*** DATA SHOWN ***

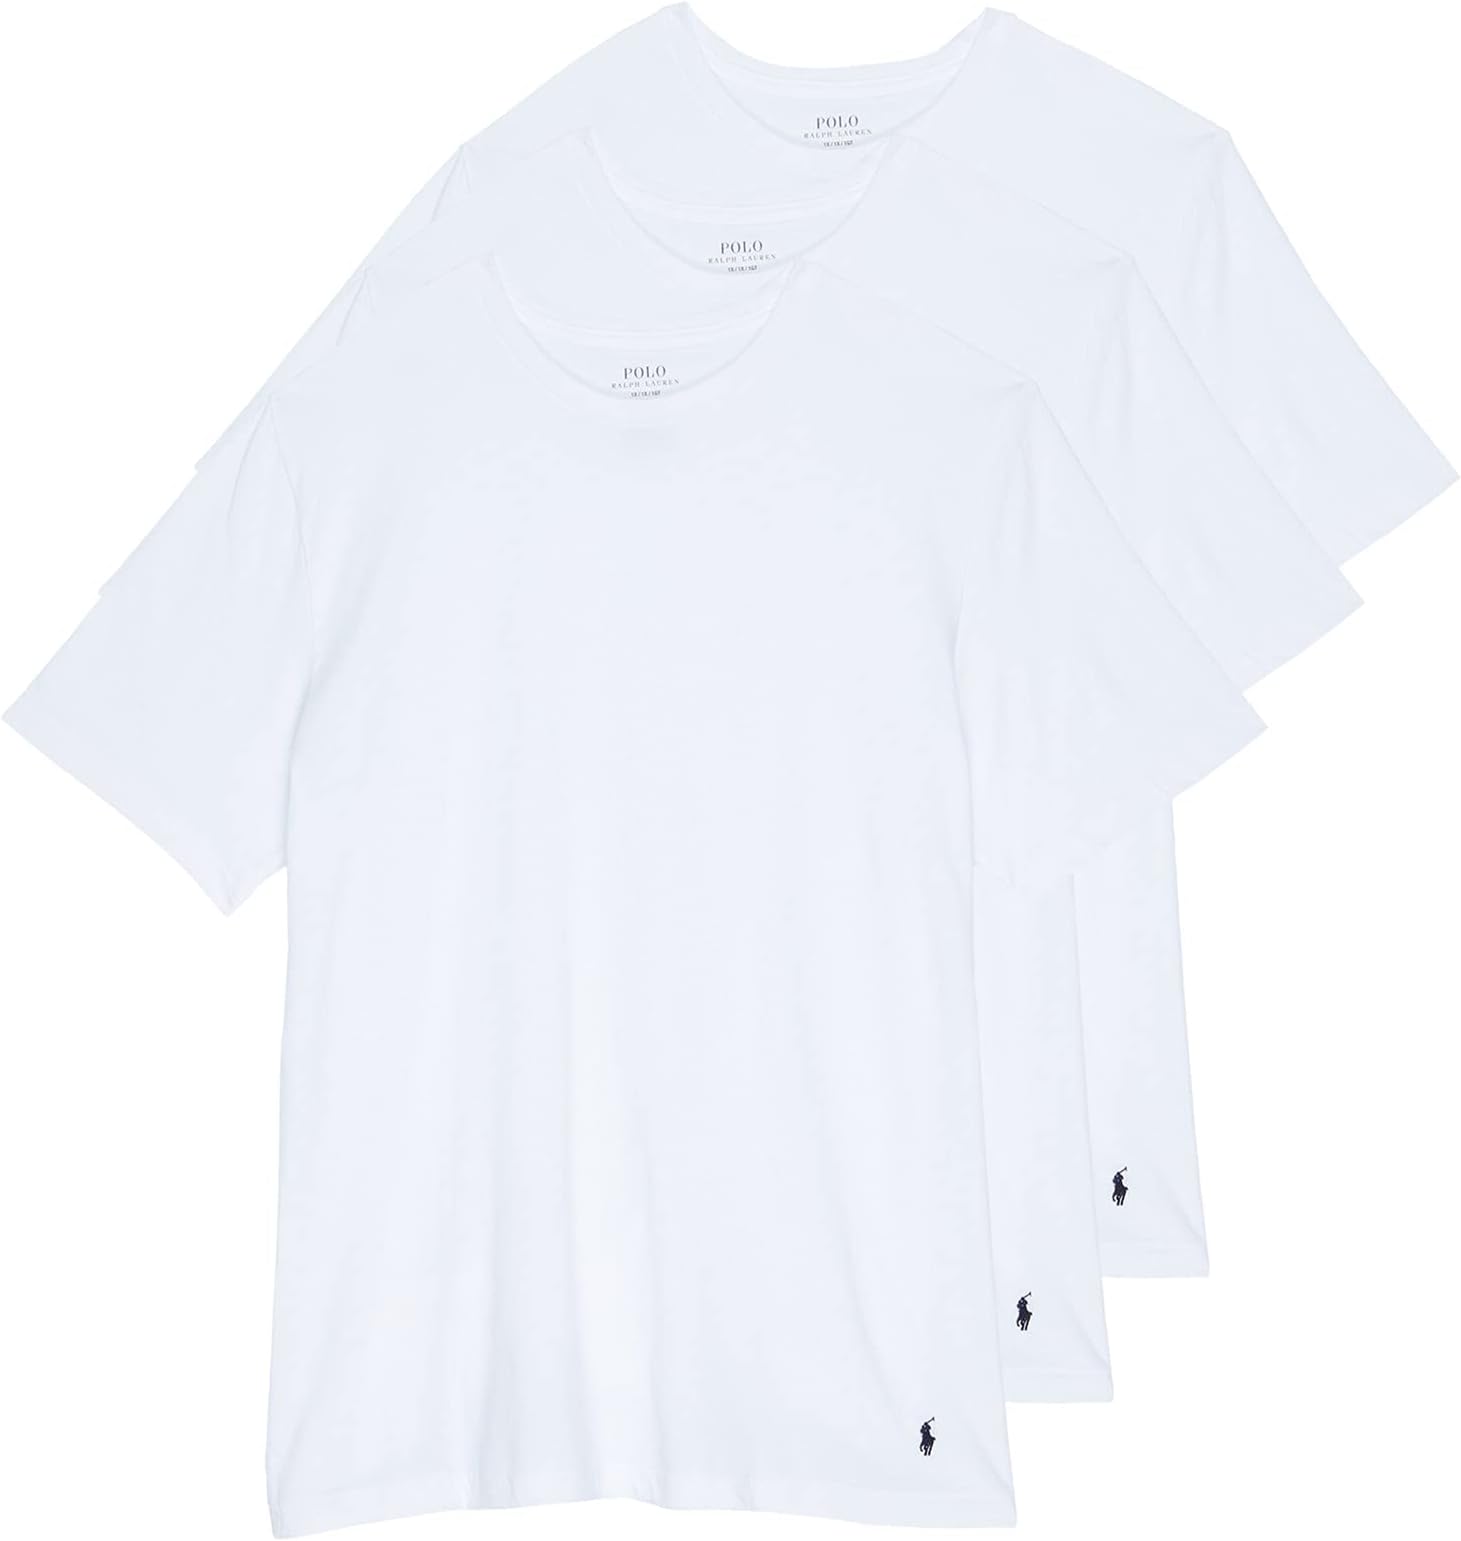 Комплект из 3 футболок Big Crew Polo Ralph Lauren, белый
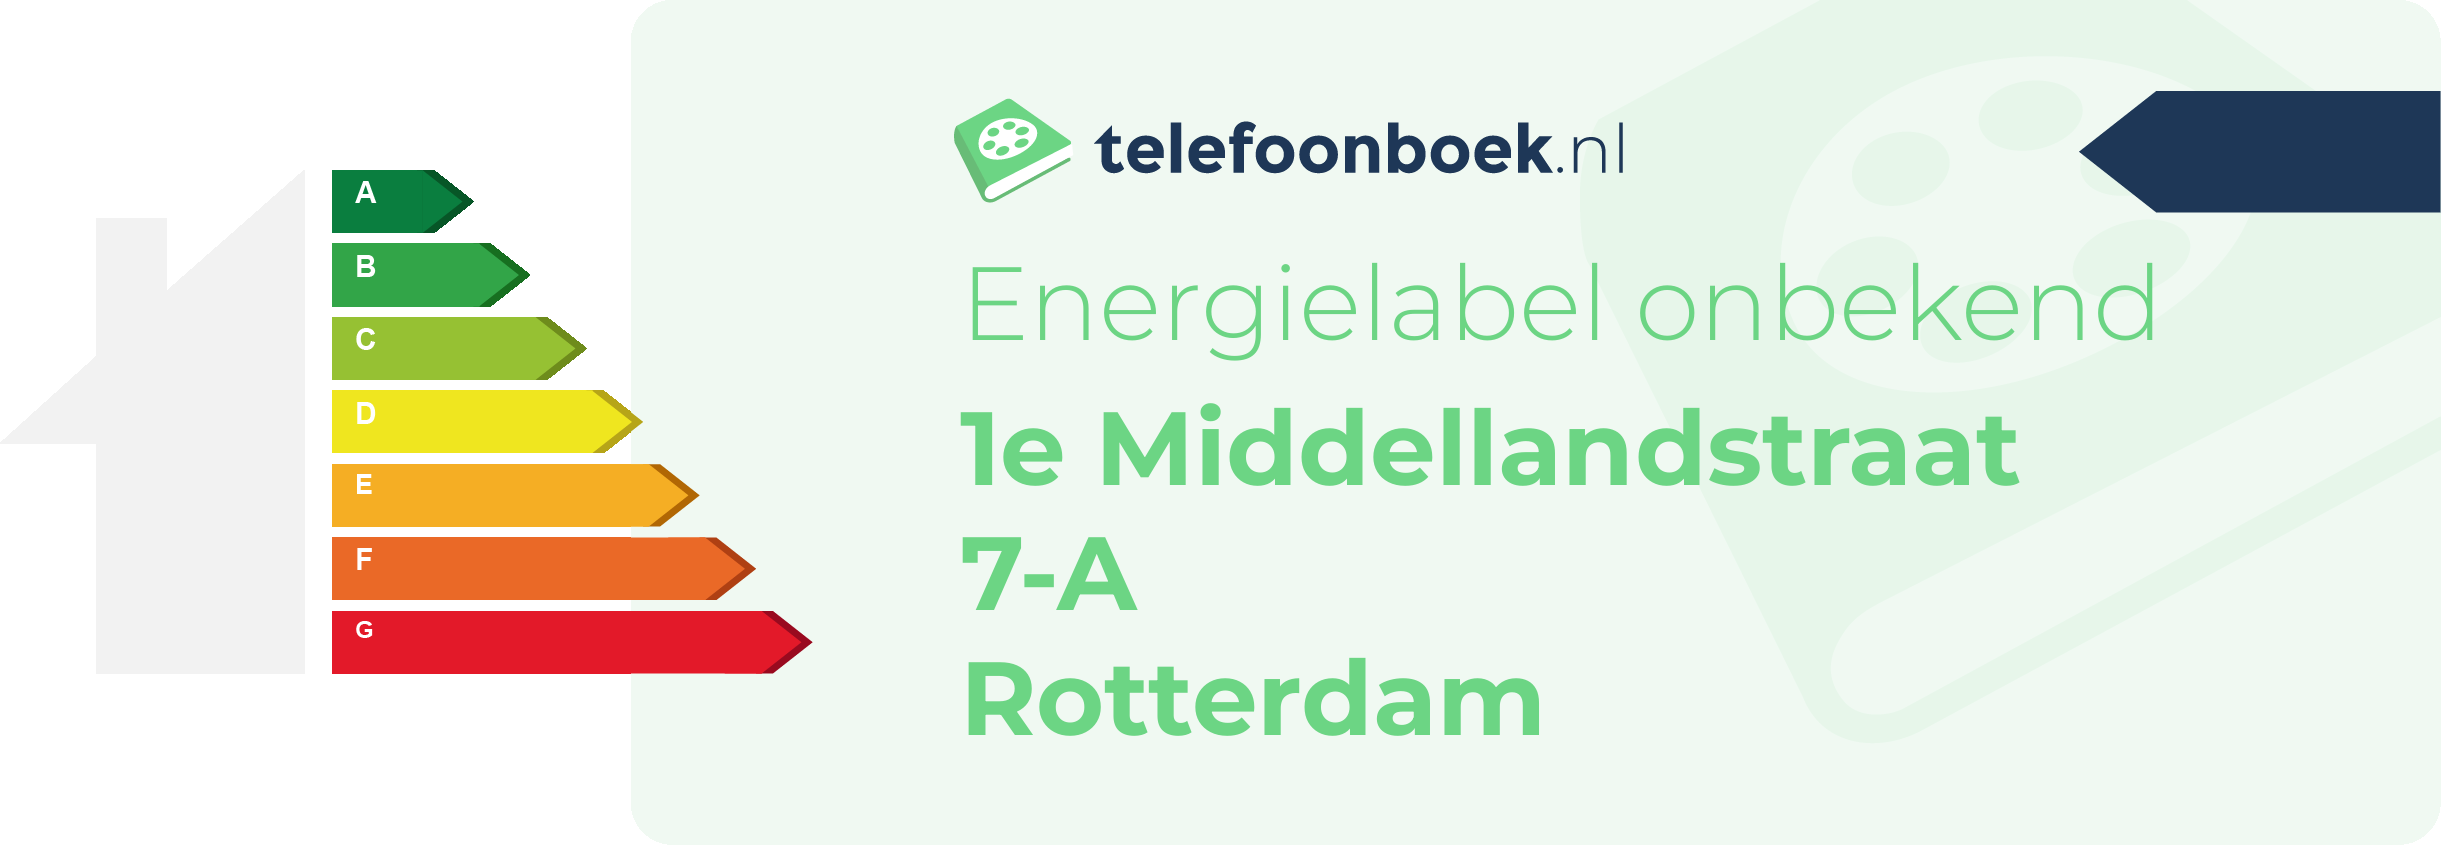 Energielabel 1e Middellandstraat 7-A Rotterdam
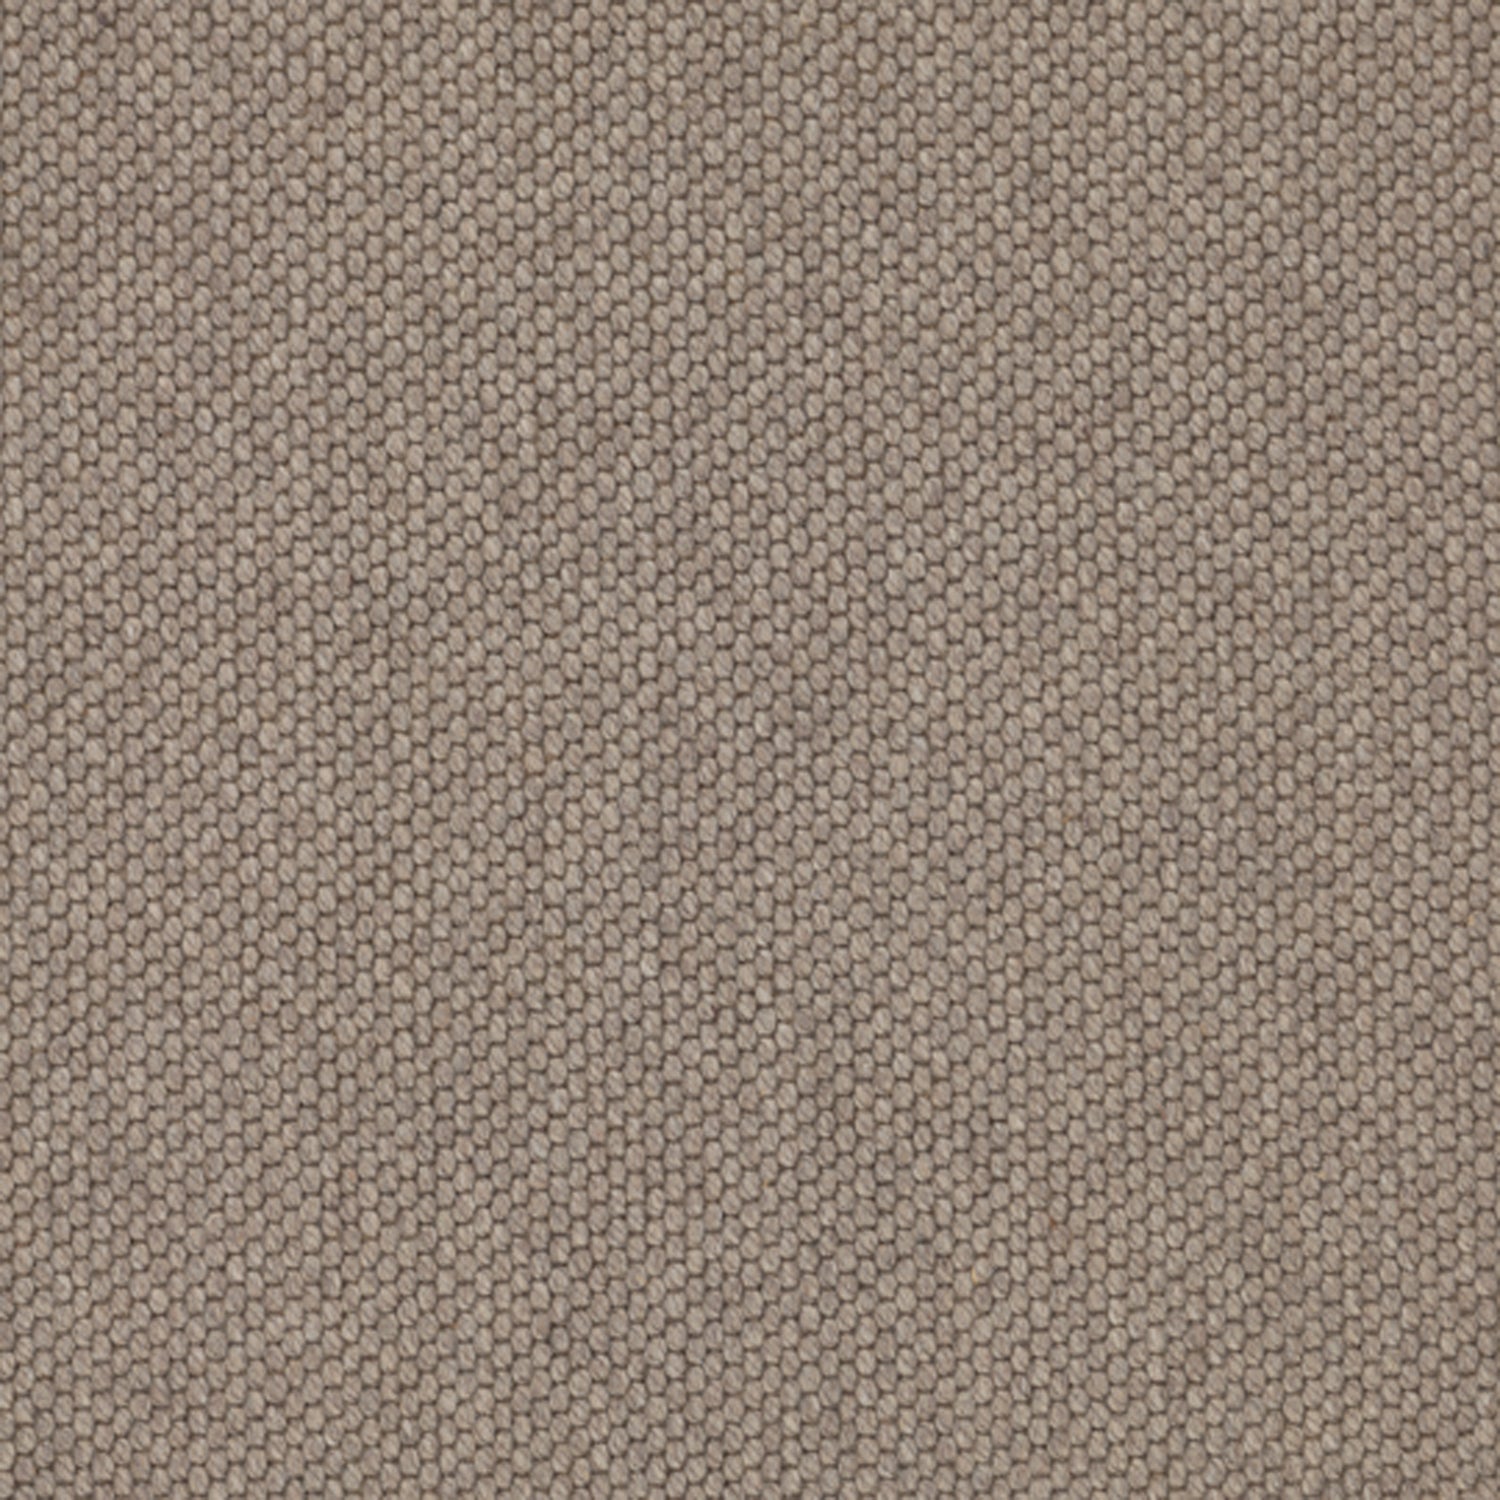 Wool broadloom carpet swatch in a chunky grid weave in greige.

*** End of DATA SHOWN ***

REQUIRED ACTION => Only the text of the material belongs in your copy, which must match the original exactly.

REPLY =>
 Комплект из 3 футболок Big Crew Polo Ralph Lauren, белый
 Energielabel 1e Middellandstraat 7-A Rotterdam
 Wool broadloom carpet swatch in a chunky grid weave in greige.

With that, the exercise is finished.